Chicago’s reputation as a place to do business rather than a tourist destination is holding back the recovery of its hotels.
Downtown hotels ended 2021 with an average occupancy rate of 43 percent, Crain’s reported, up from 27 percent in 2020 and nowhere near the pre-pandemic rate of 74 percent. Nationwide, the average was 58 percent compared with 66 percent in 2019.
Trade shows and conventions, which haven’t yet rebounded, typically account for as much as a fifth of downtown hotel bookings.
“For a lot of people, being in the office is still not a thing. As long as people aren’t back in the office, downtown areas will continue to hurt” without more corporate business travel, Jan Freitag, national director of hospitality analytics for CoStar Group told Crain’s.
The city isn’t alone among large markets. Revenue per available room was down by 33 percent last year compared to 2019 levels among the nation’s 25 biggest markets, while the national average fell 17 percent, Crain’s reported.
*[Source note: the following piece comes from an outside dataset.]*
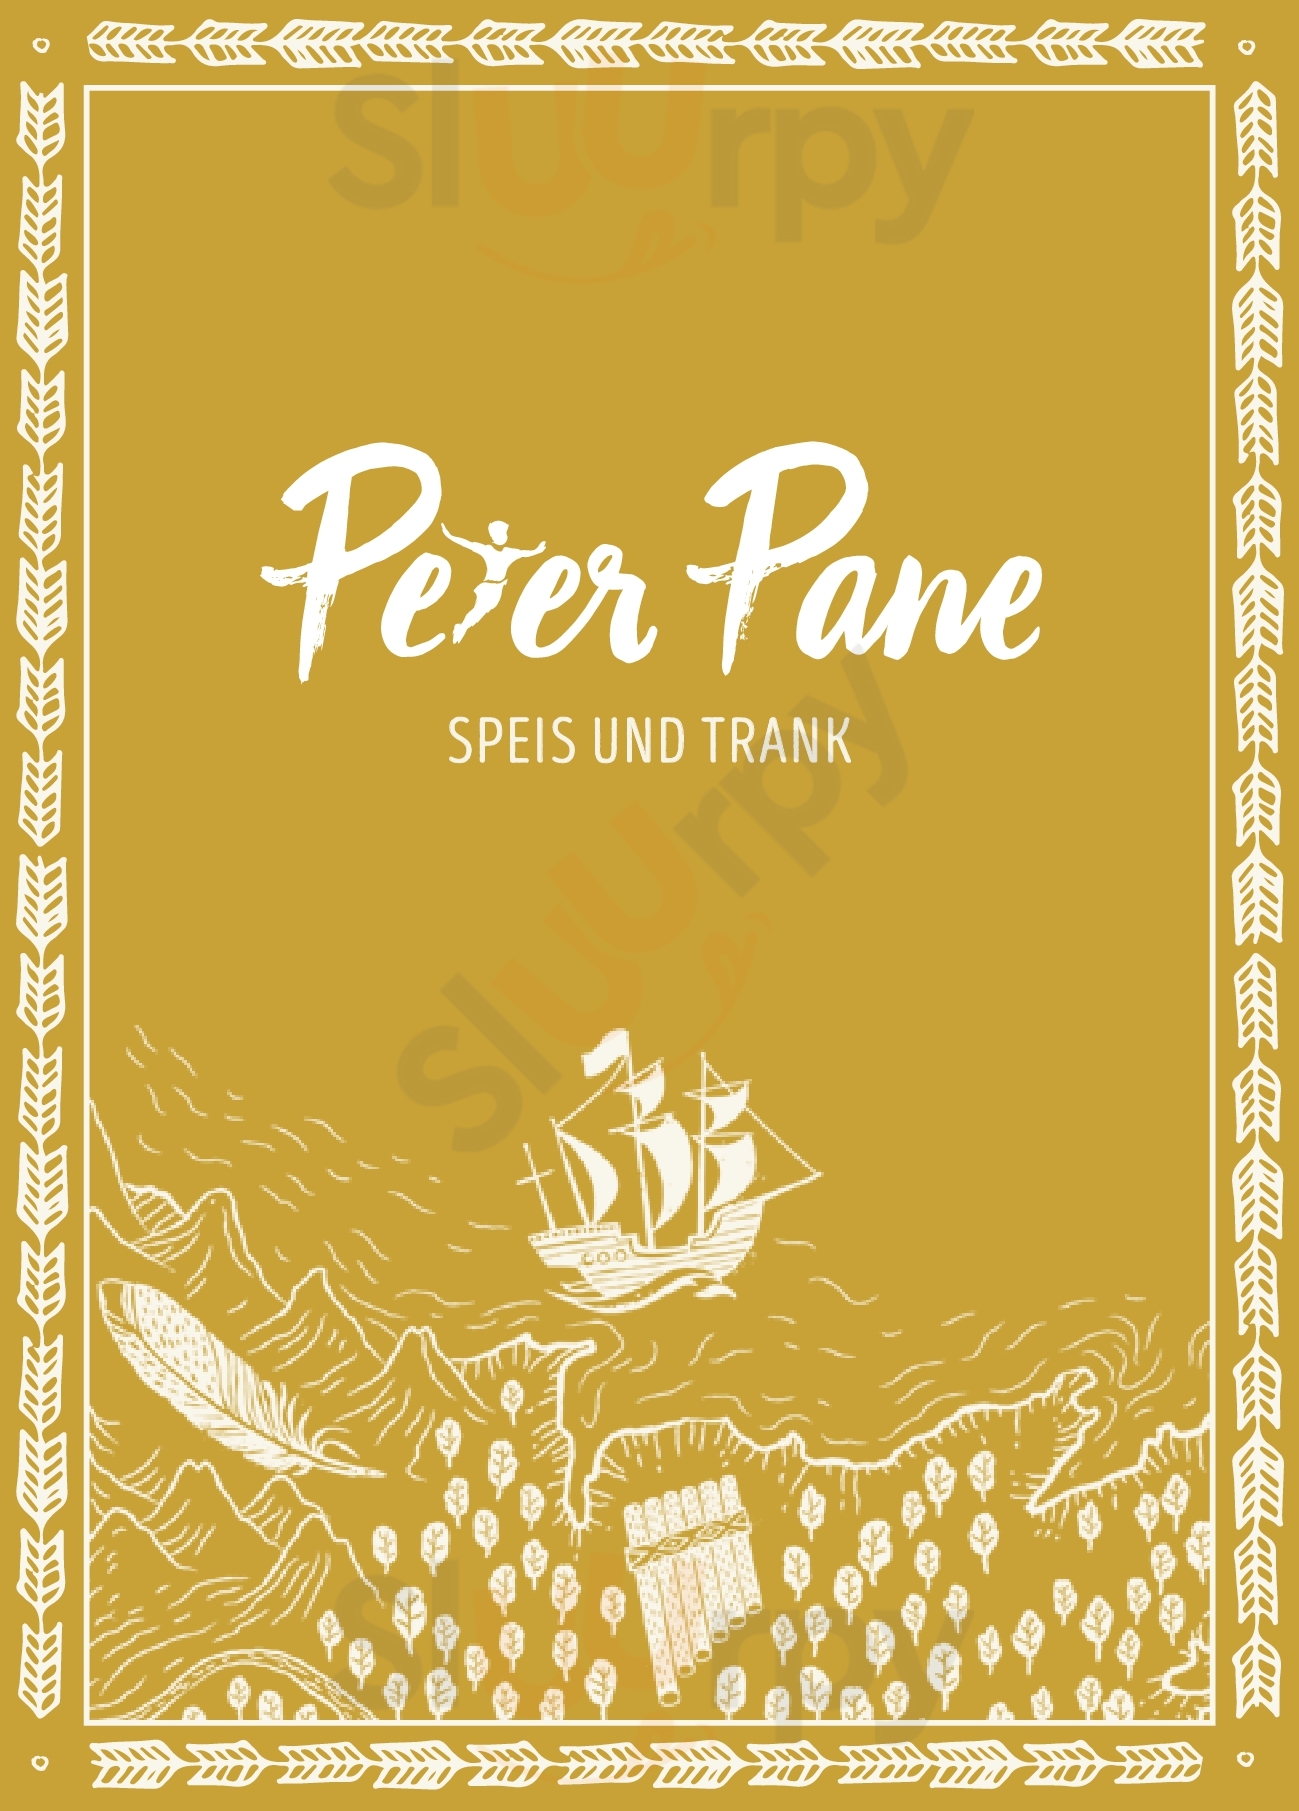 Peter Pane Burgergrill Bar Kiel Menu - 1

Hotels in the Chicago area underperformed both, as revenue slipped 40 percent.
Investors still have some reason for optimism. The Chicago Loop Alliance last month reported pedestrian counts, hotels and office occupancy all hit their highest pandemic-era rates at the end of last year compared with the same period of 2019.
While leisure travel picked up in the summer last year as vaccination rates rose, waves of Covid variants shut it down. Travel may revive this year, staving off more hotel distress. Properties that have been transferred to lenders or are in foreclosure include the Hilton Hotel Magnificent Mile. Others have traded hands at prices less than or barely more than the debt owed on them.